TASK.
Every line of the listing below must be printed again exactly, apart from its pictures.

[Opening SUPPLIED INFORMATION section]

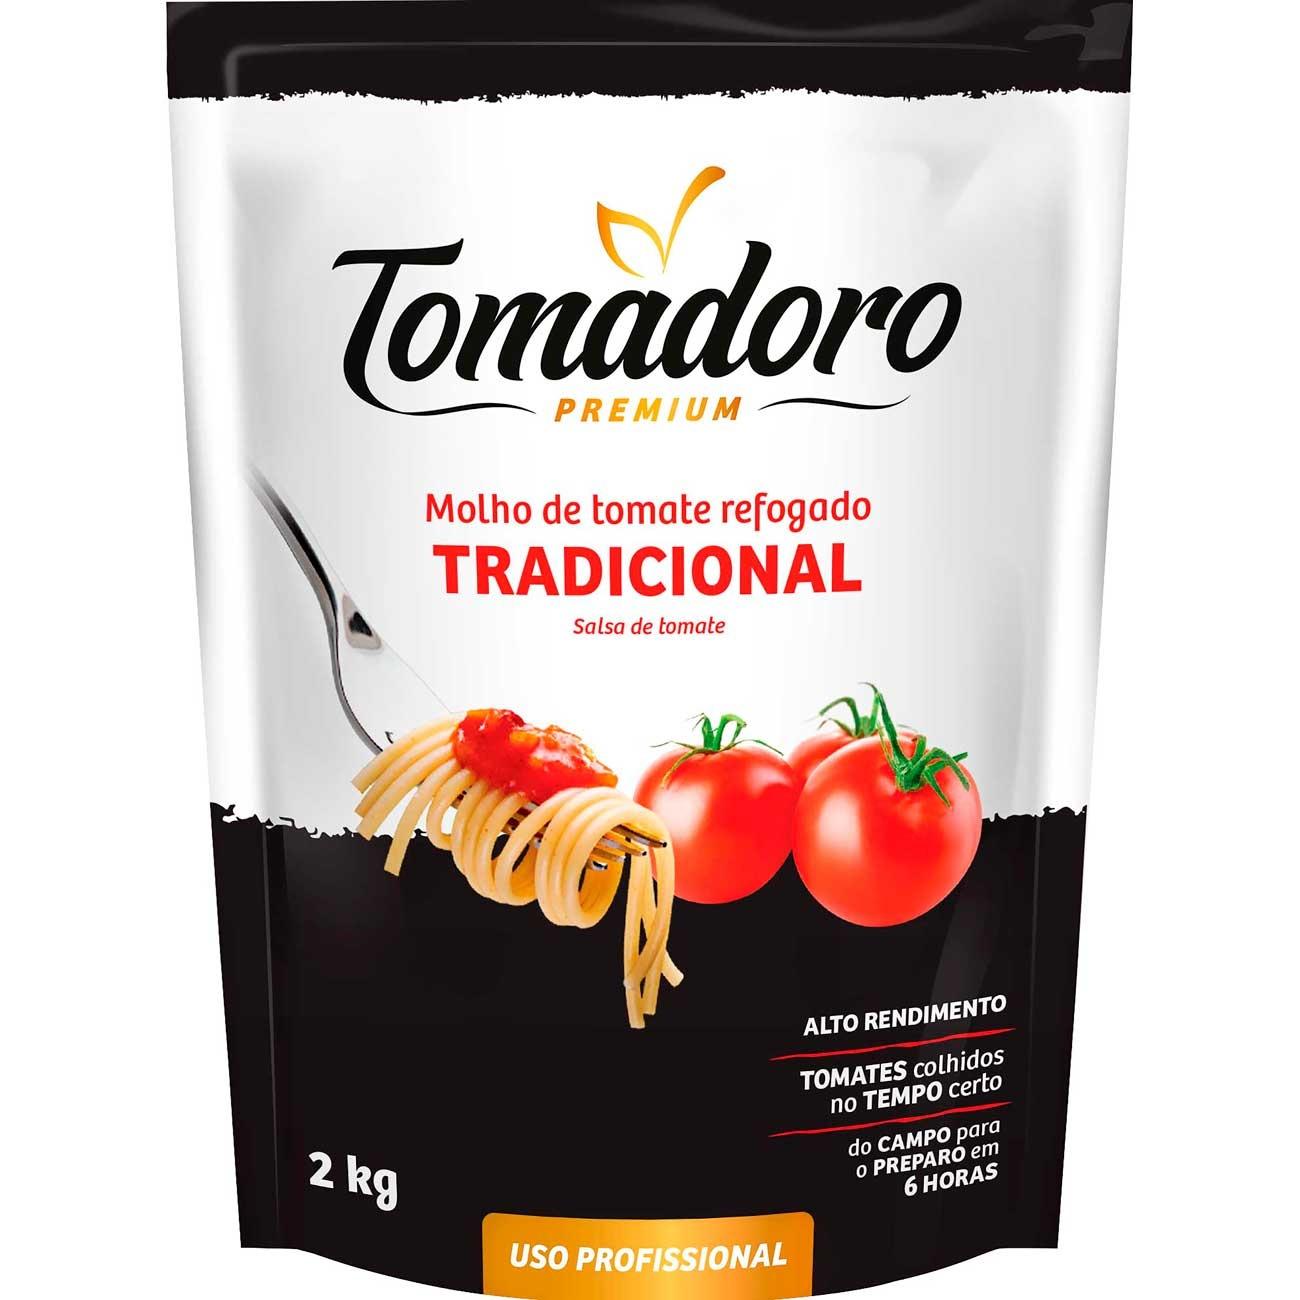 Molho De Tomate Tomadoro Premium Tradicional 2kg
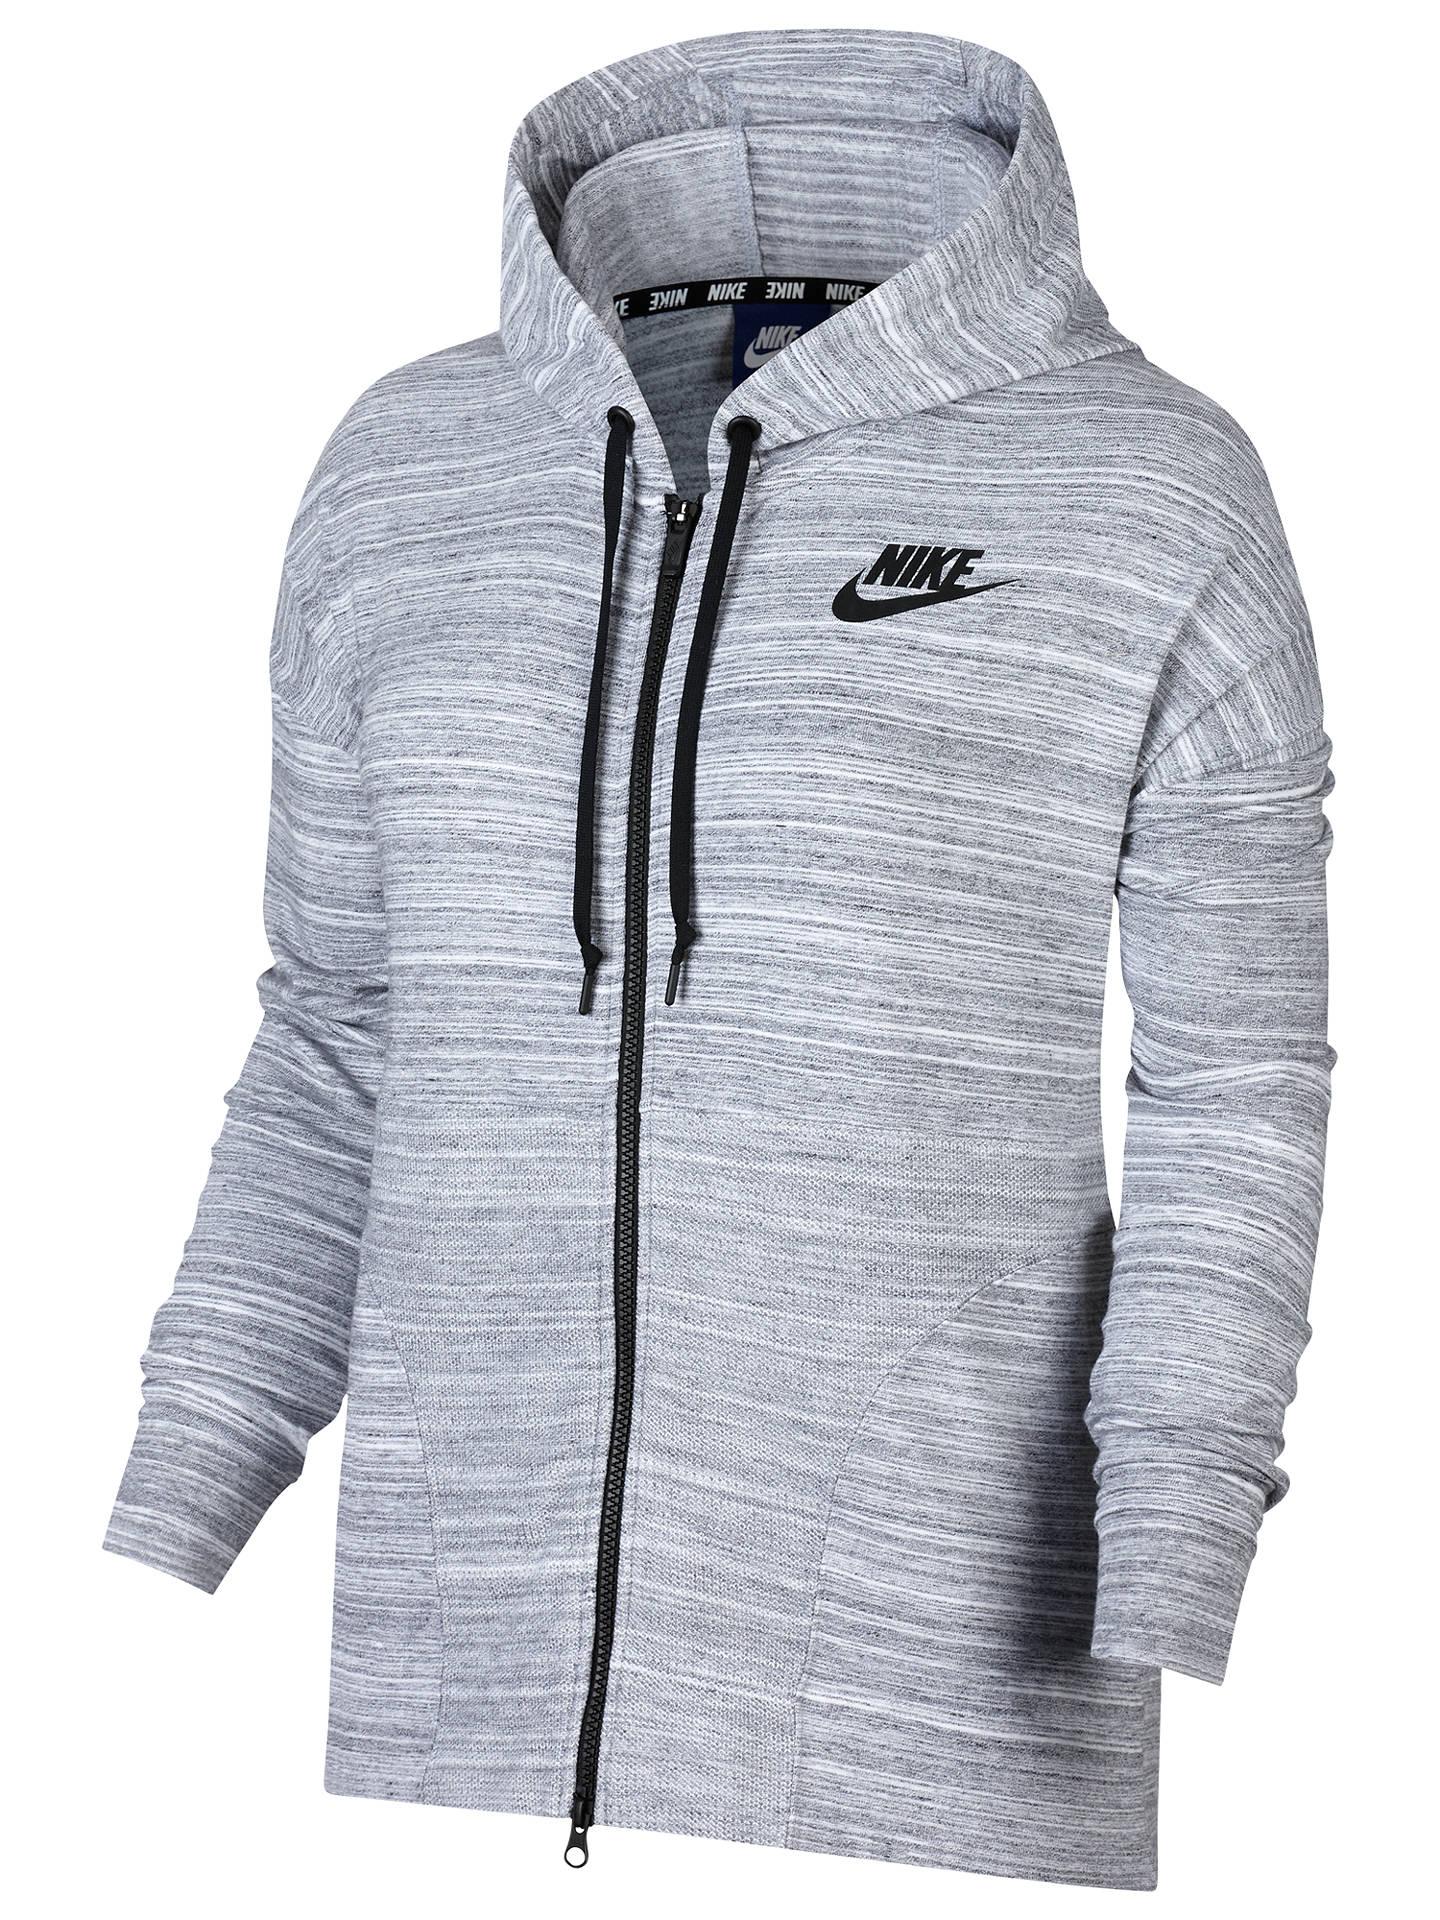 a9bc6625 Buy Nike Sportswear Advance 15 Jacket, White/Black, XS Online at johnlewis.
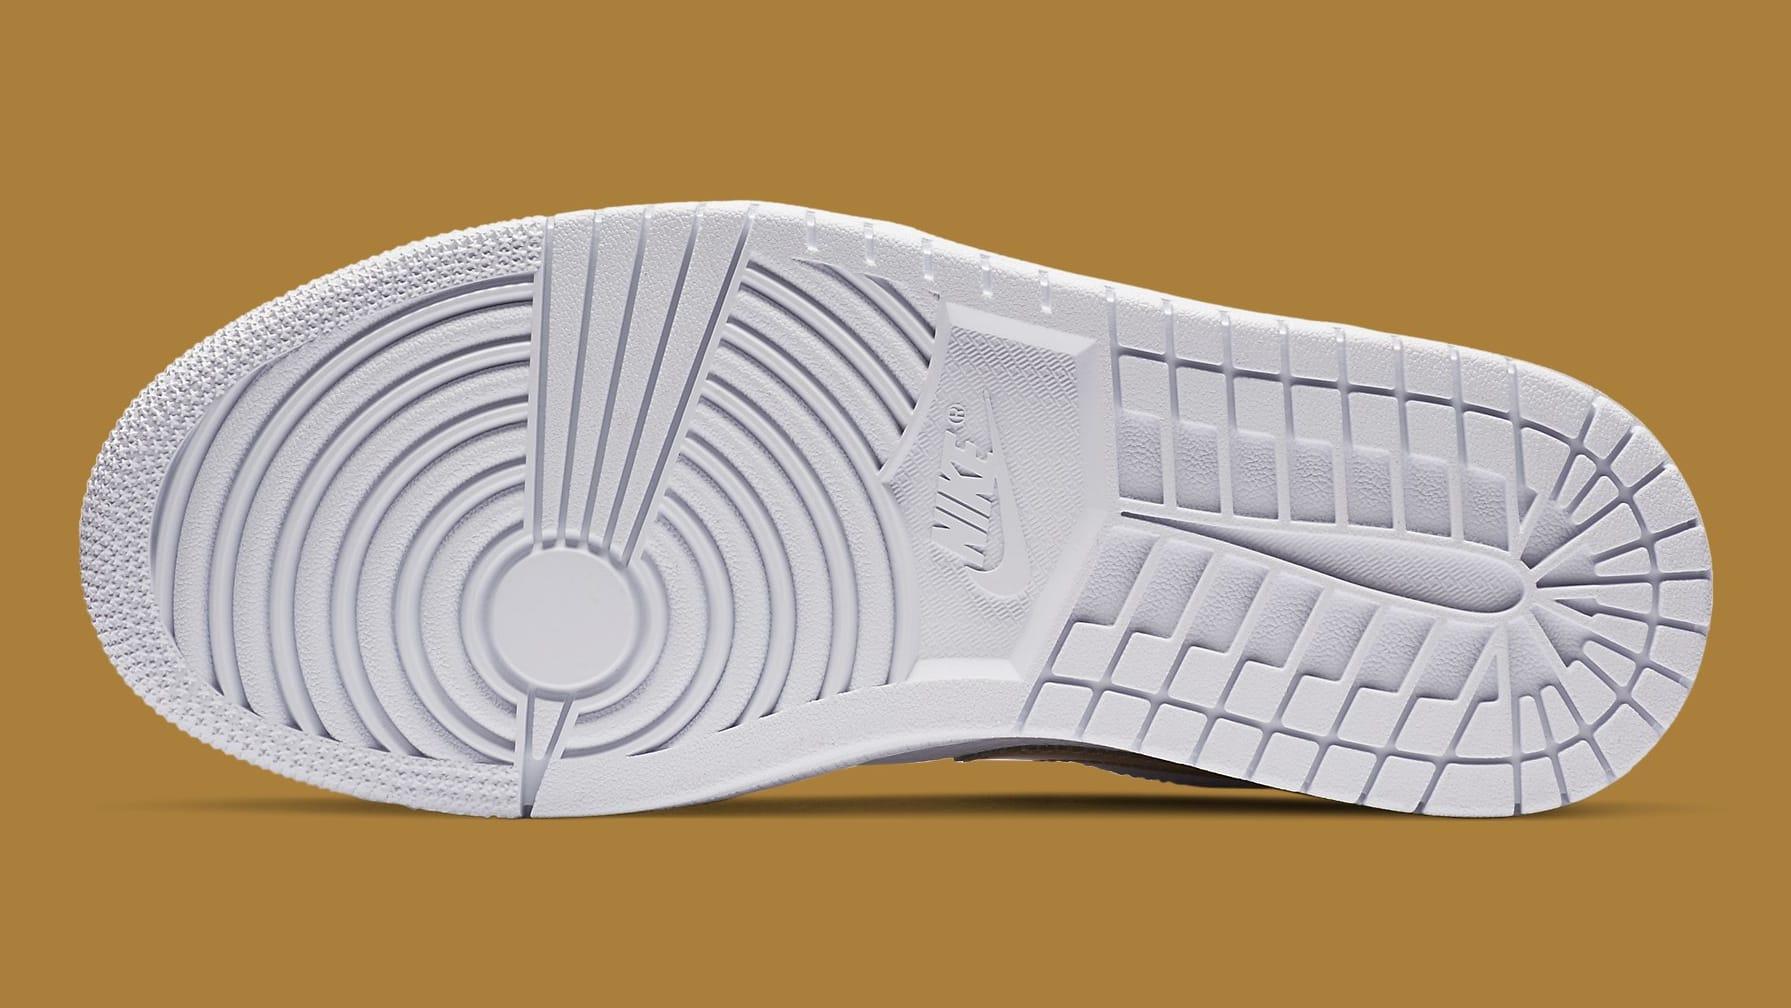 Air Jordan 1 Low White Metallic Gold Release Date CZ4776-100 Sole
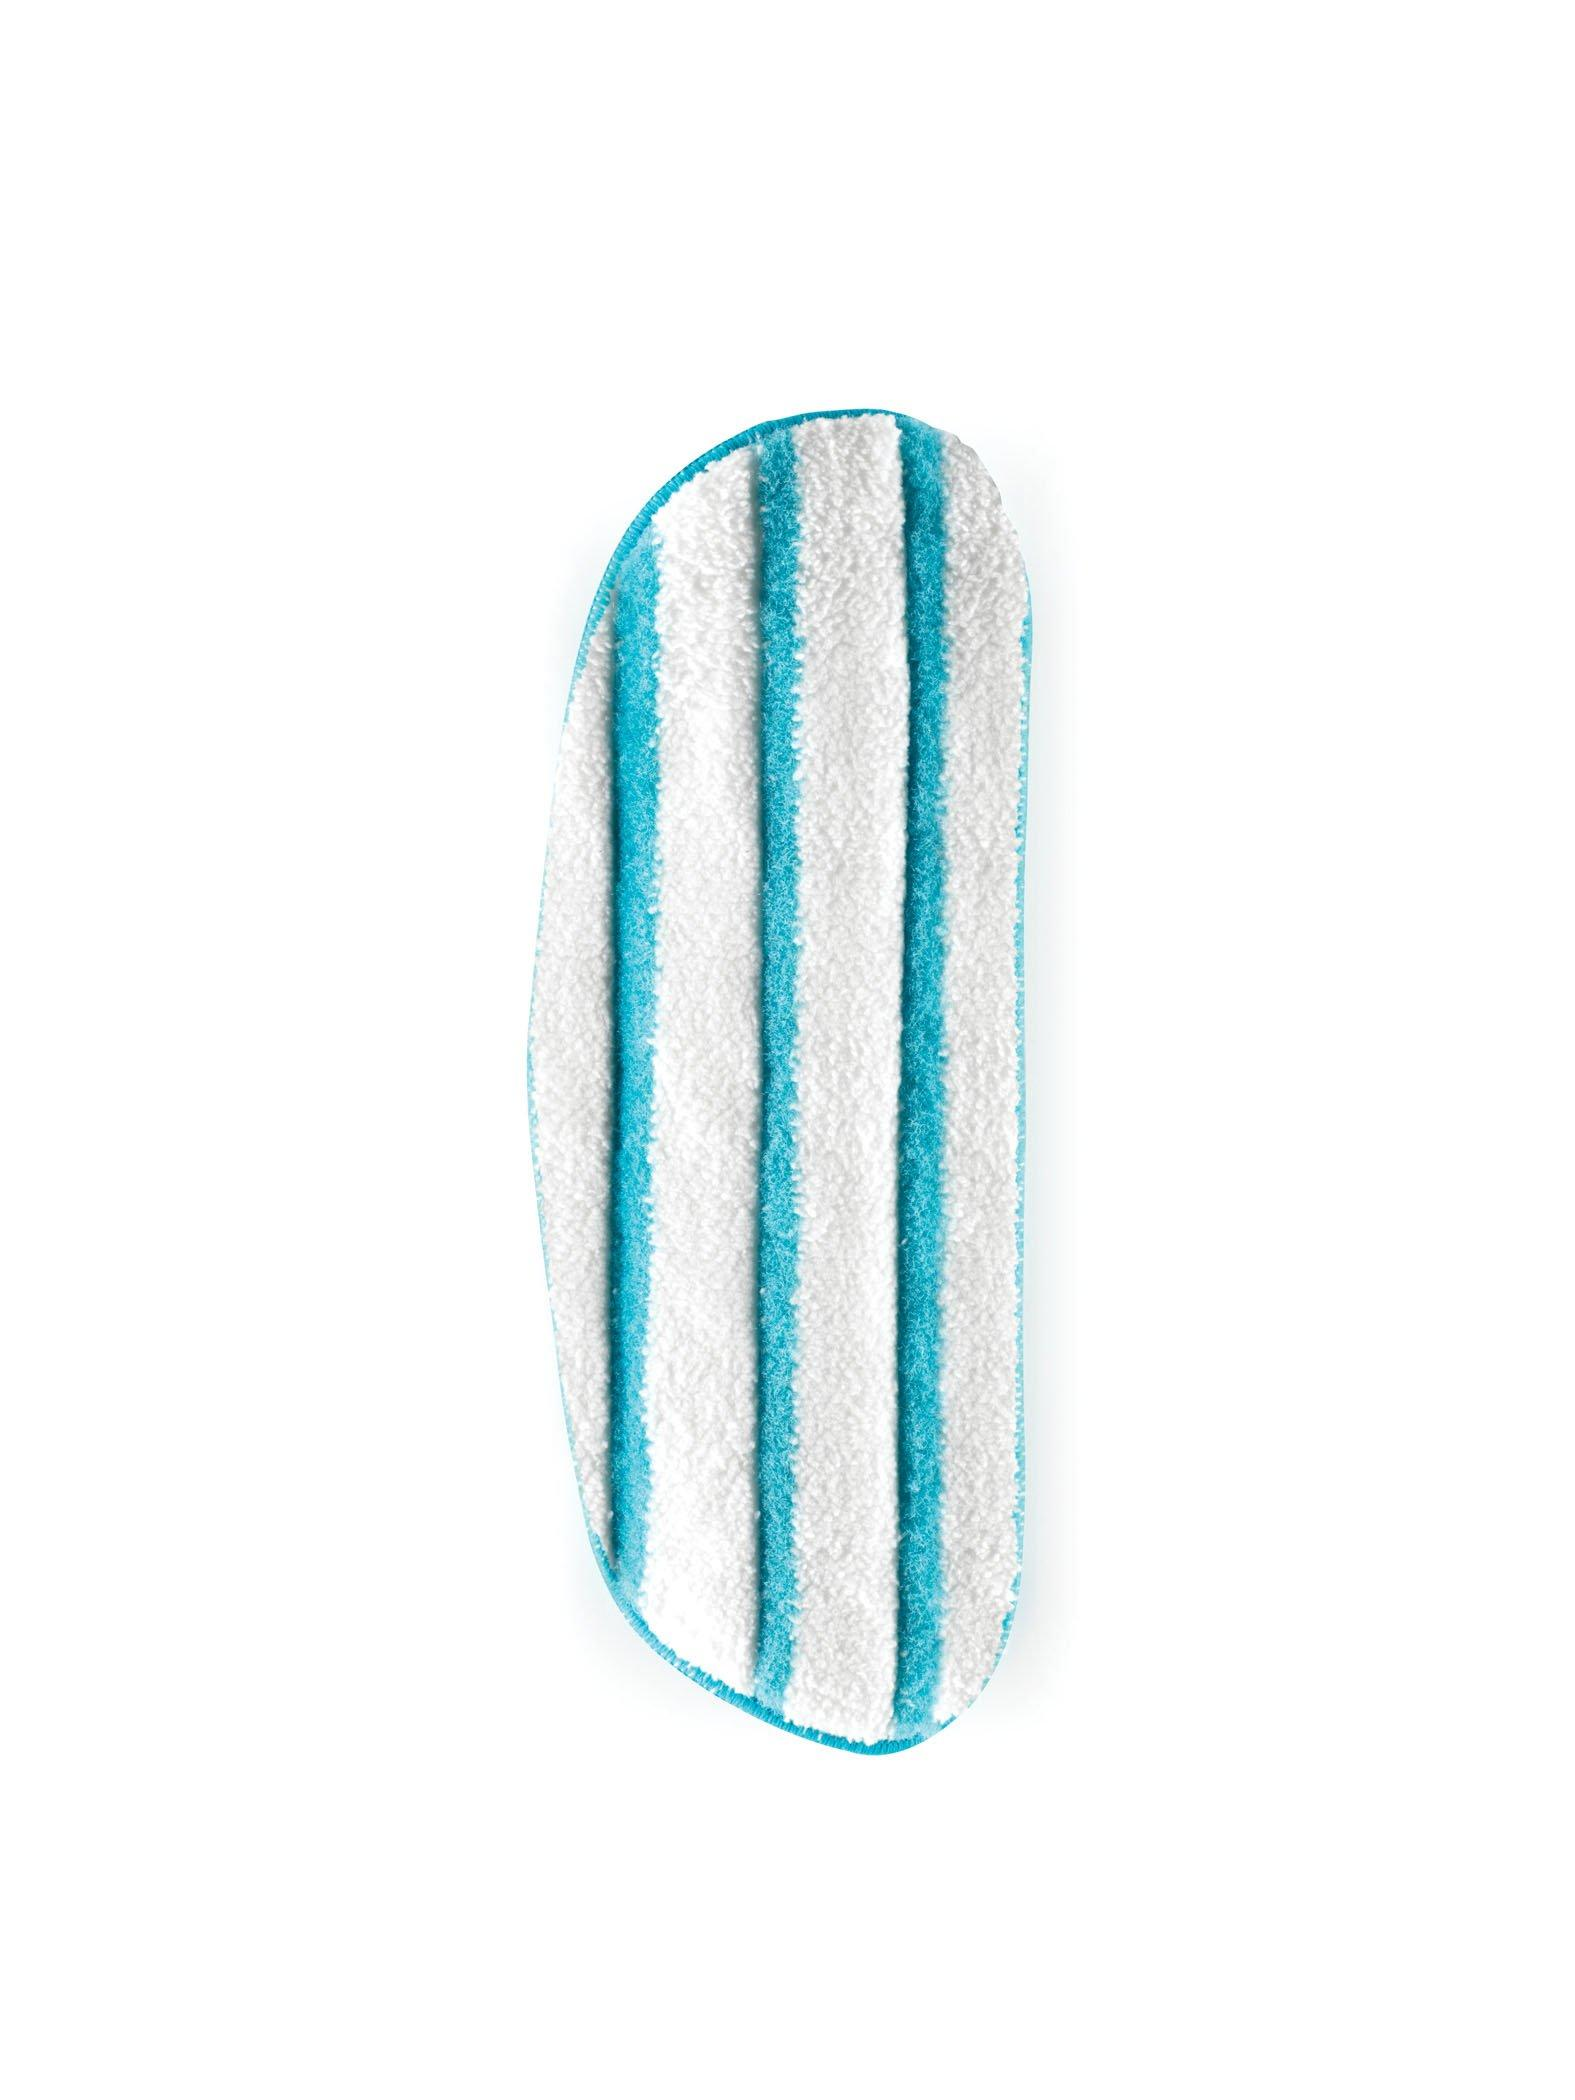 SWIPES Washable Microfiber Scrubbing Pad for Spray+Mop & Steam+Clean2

[Closing SUPPLIED INFORMATION section]

RESPONSE BOX.
 Molho De Tomate Tomadoro Premium Tradicional 2kg
 a9bc6625 Buy Nike Sportswear Advance 15 Jacket, White/Black, XS Online at johnlewis.
 Air Jordan 1 Low White Metallic Gold Release Date CZ4776-100 Sole
 SWIPES Washable Microfiber Scrubbing Pad for Spray+Mop & Steam+Clean2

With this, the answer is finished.